You could also check that all files are where they should be ā€“ for example spacy/lang/en should exist and have an __init__.py, etc.

lemoncalamitous commented 6 years ago

Hi @ines . I tried the code you recommend and this works.

import spacy.lang.en from spacy.lang.en import English from spacy.util import get_lang_class cls = get_lang_class('en') cls <class 'spacy.lang.en.English'>

Based on my observation, it seems that (again) it's PyInstaller's fault. I use 4 fastText models that all have English meta, so I tried adding hidden import again.

--hidden-import spacy.lang.en

Upon packaging my application along with so many hidden imports, it worked, finally! If I am going to use other languages, creating hook-spacy.lang.py then importing all languages will work better. Just place this hook Python file inside your Python environment's PyInstaller hooks folder.

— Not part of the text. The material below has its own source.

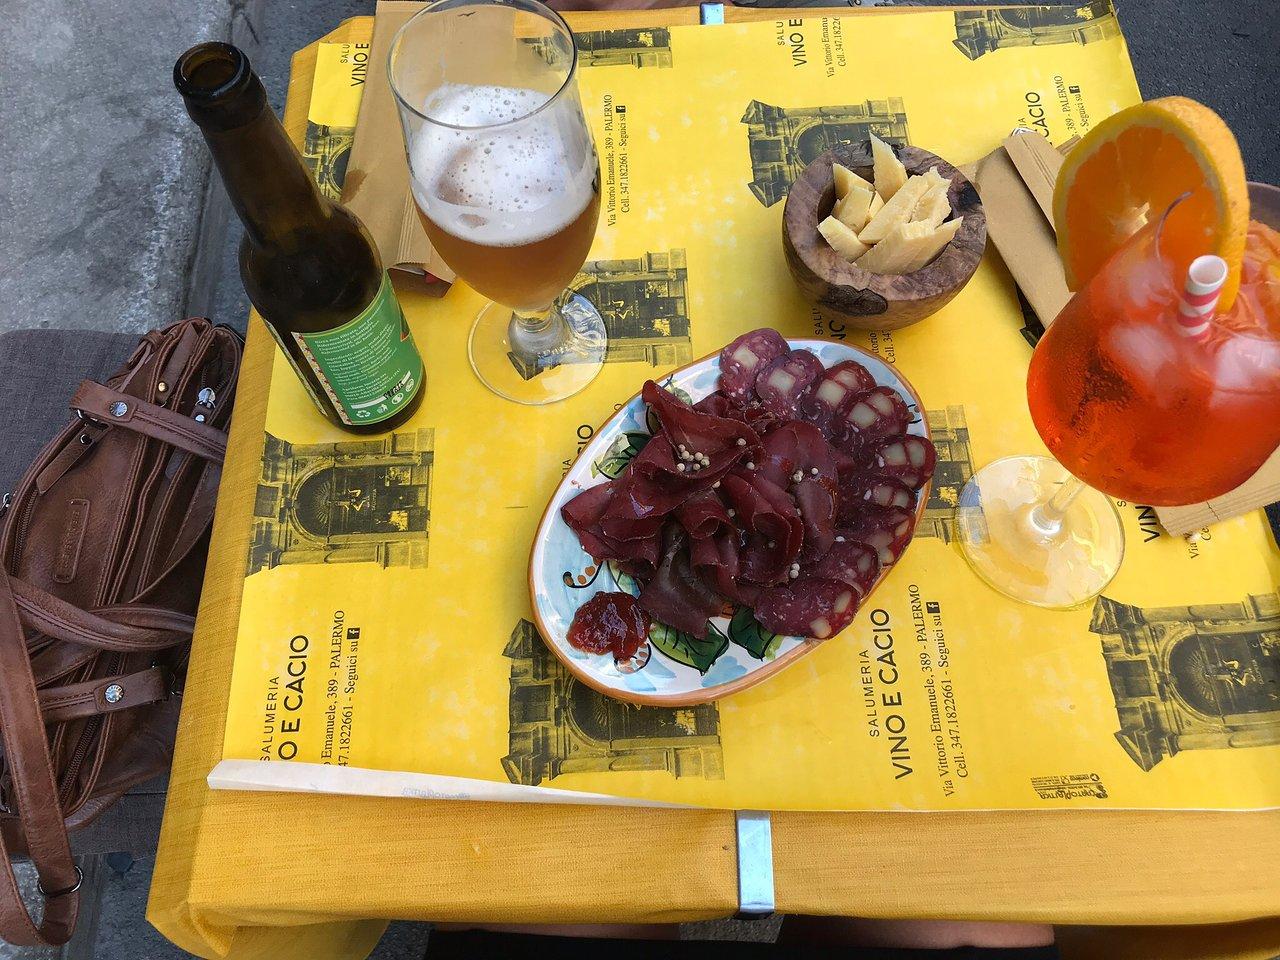 Salumeria Vino E Cacio, Palermo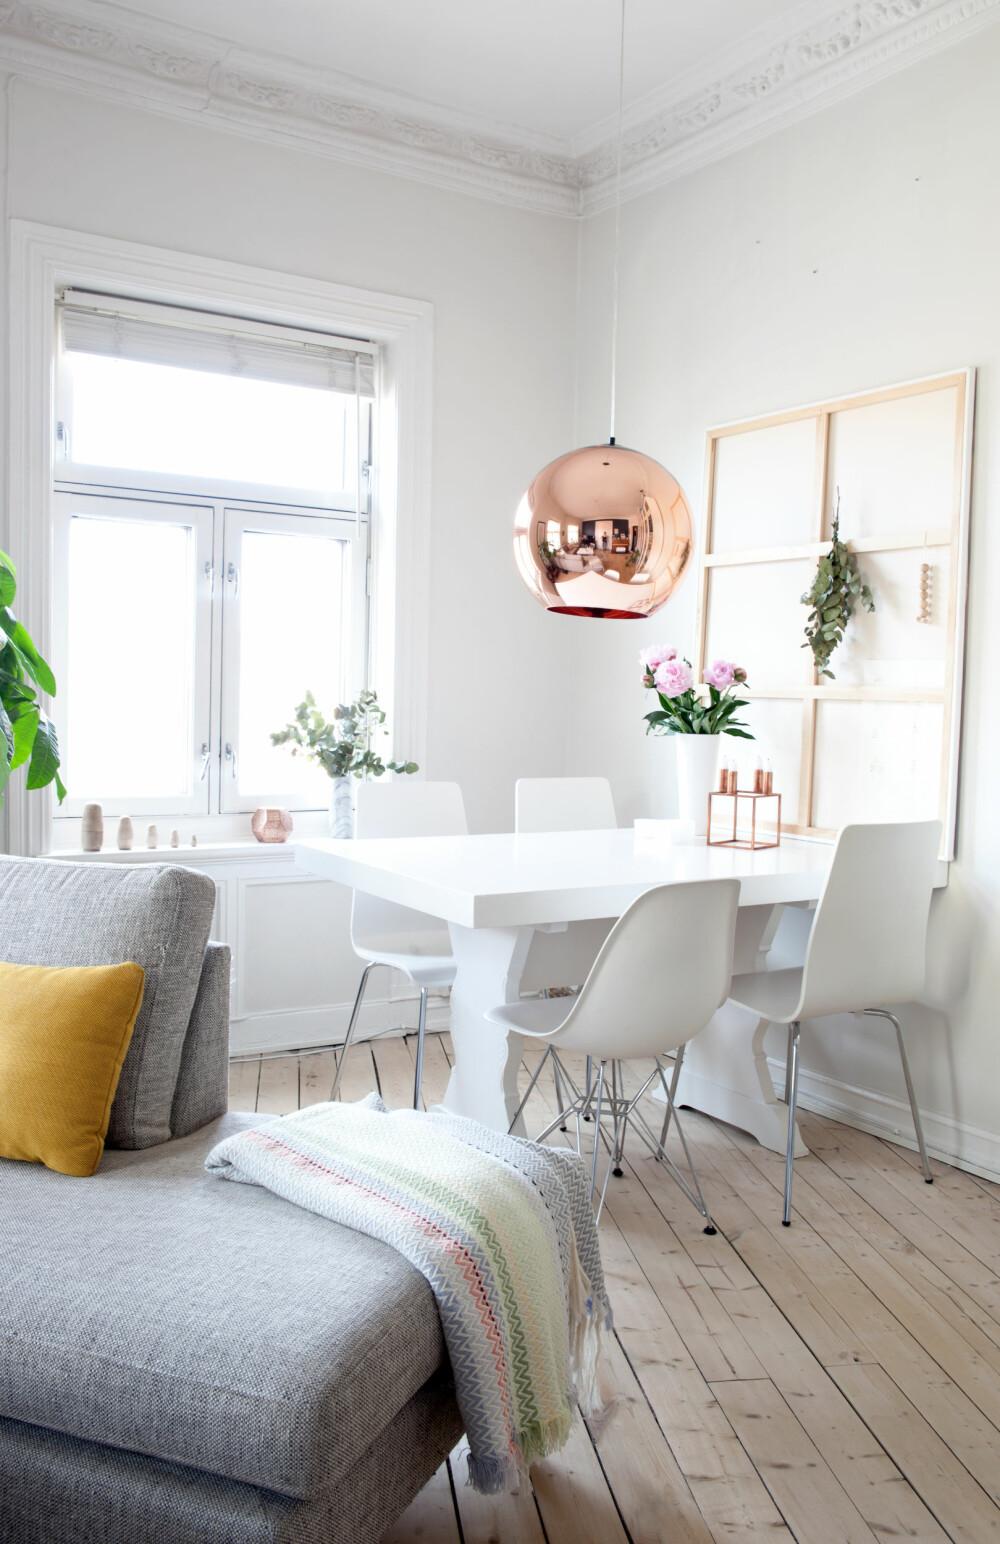 KREATIVT: Noen ganger trenger det store bildet over spisebordet å hvile litt, og da er det genialt å bare snu det rundt og bruke baksiden som en slags ramme.

from PyInstaller.utils.hooks import collect_submodules

hiddenimports = collect_submodules('spacy.lang')

Hope that this will also help other guys who use spaCy on their packaged application. Thanks for the support!

lock[bot] commented 6 years ago

This thread has been automatically locked since there has not been any recent activity after it was closed. Please open a new issue for related bugs.